RECORDS FOR THE TASK>
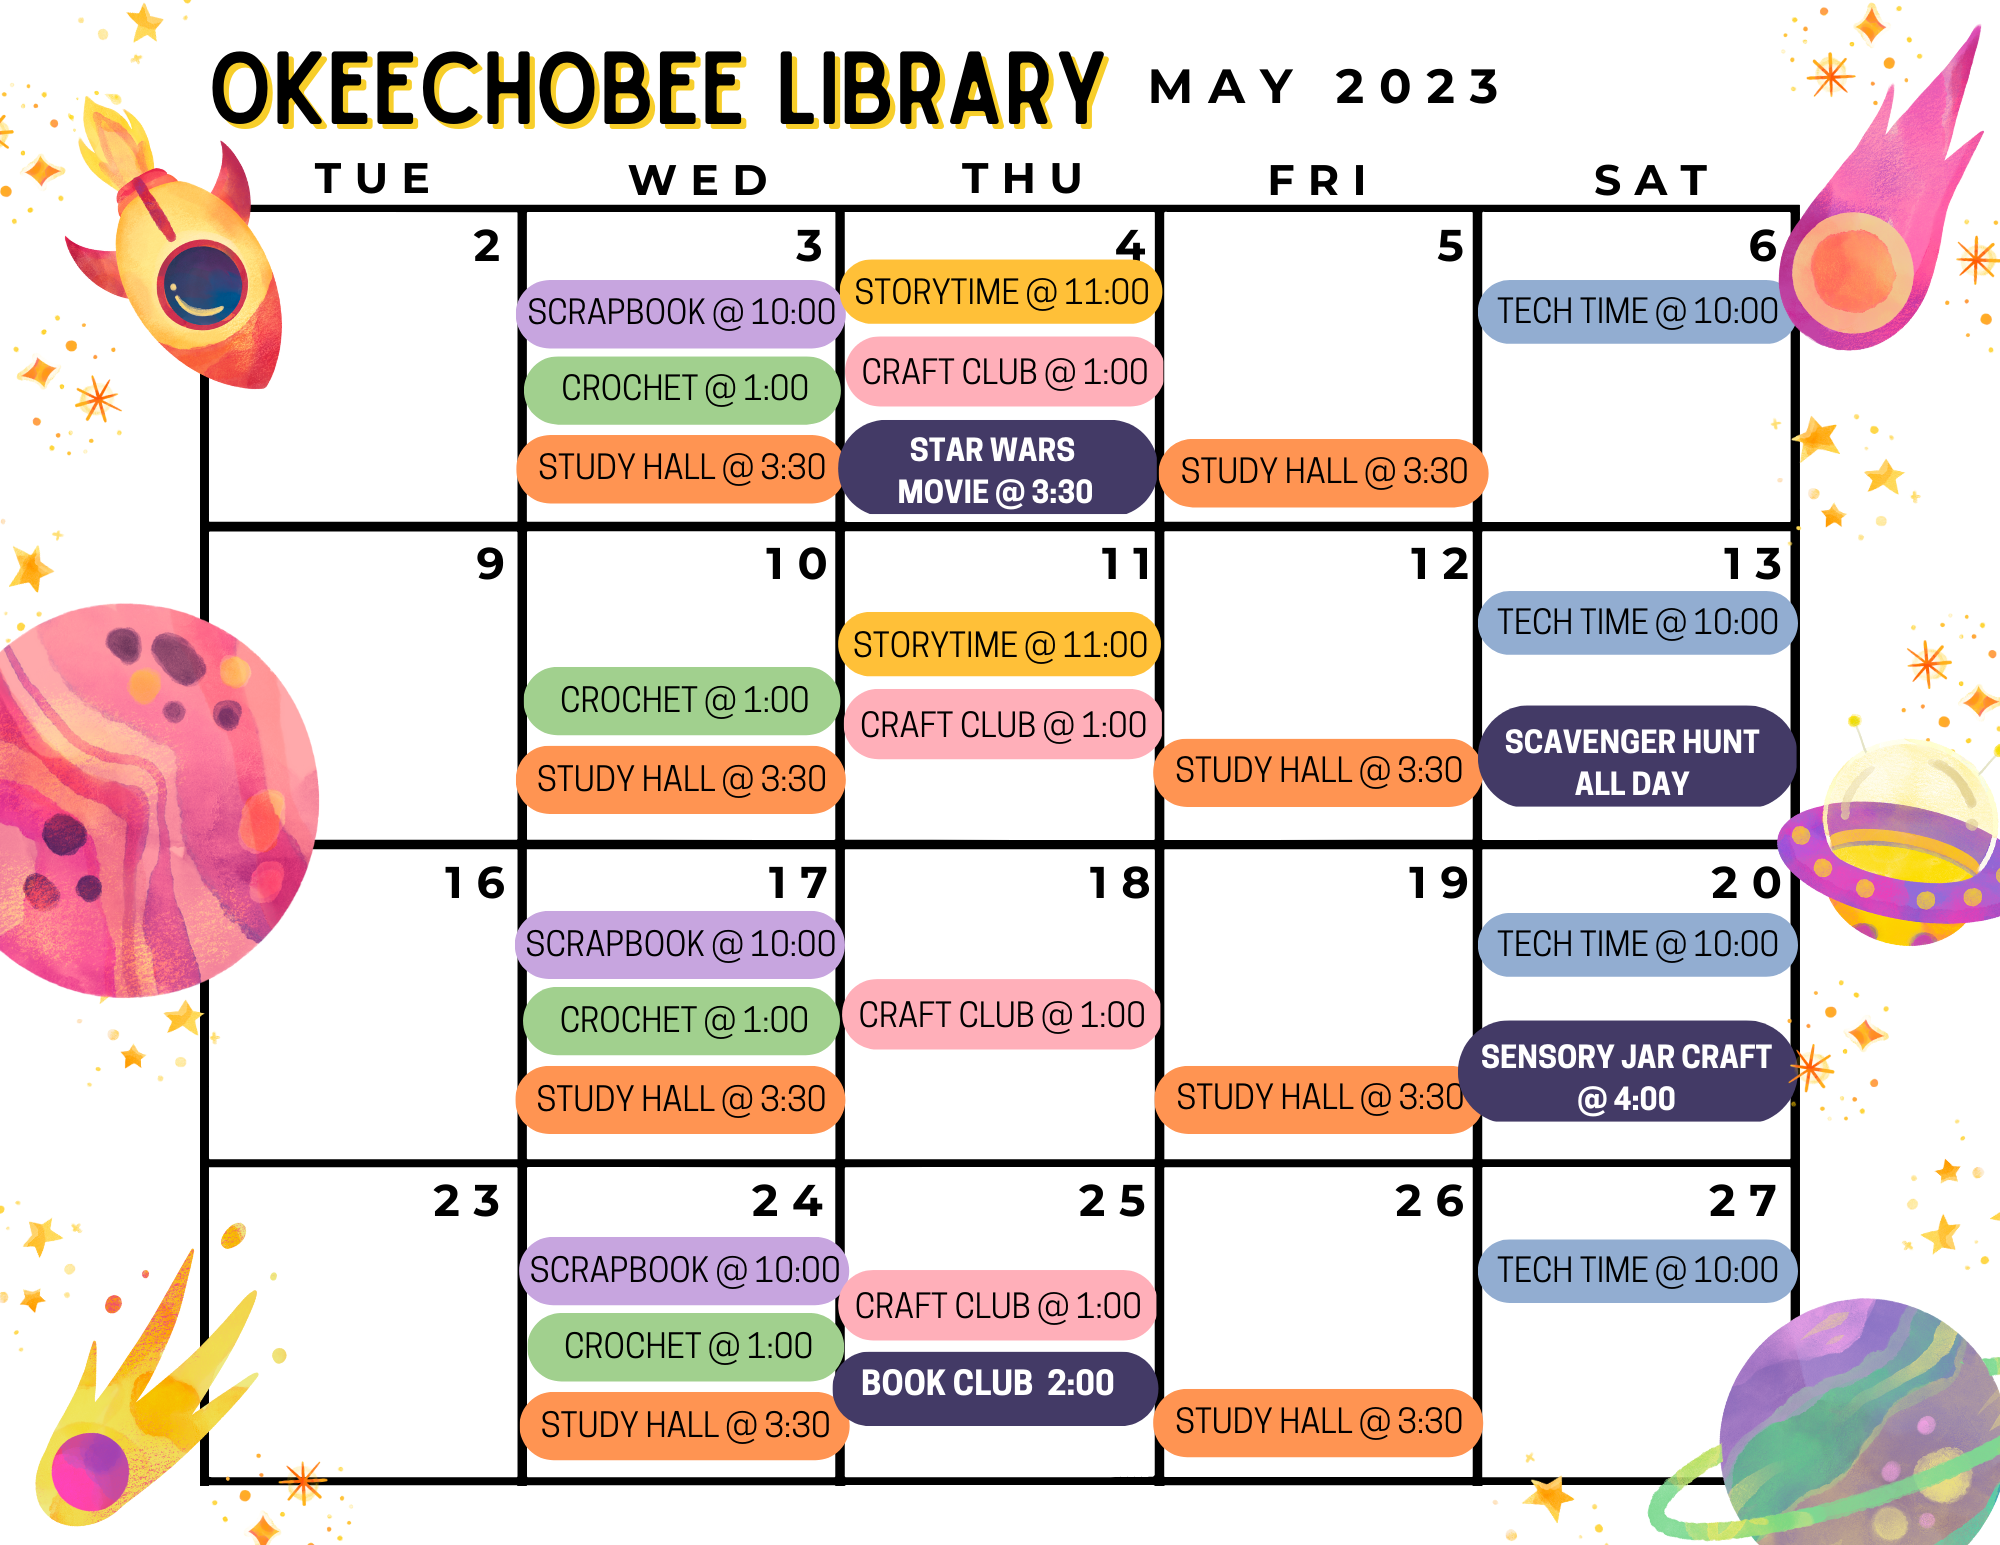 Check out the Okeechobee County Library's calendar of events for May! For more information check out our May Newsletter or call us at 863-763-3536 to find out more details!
* * *
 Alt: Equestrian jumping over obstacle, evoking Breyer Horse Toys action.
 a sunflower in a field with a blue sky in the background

EXERCISE AIM> Reproduce exactly the section above that begins at the line containing "Alt: Equestrian jumping" and ends at the line containing "a sunflower in", leaving out all other lines.

FINAL ANSWER>
 Alt: Equestrian jumping over obstacle, evoking Breyer Horse Toys action.
 a sunflower in a field with a blue sky in the background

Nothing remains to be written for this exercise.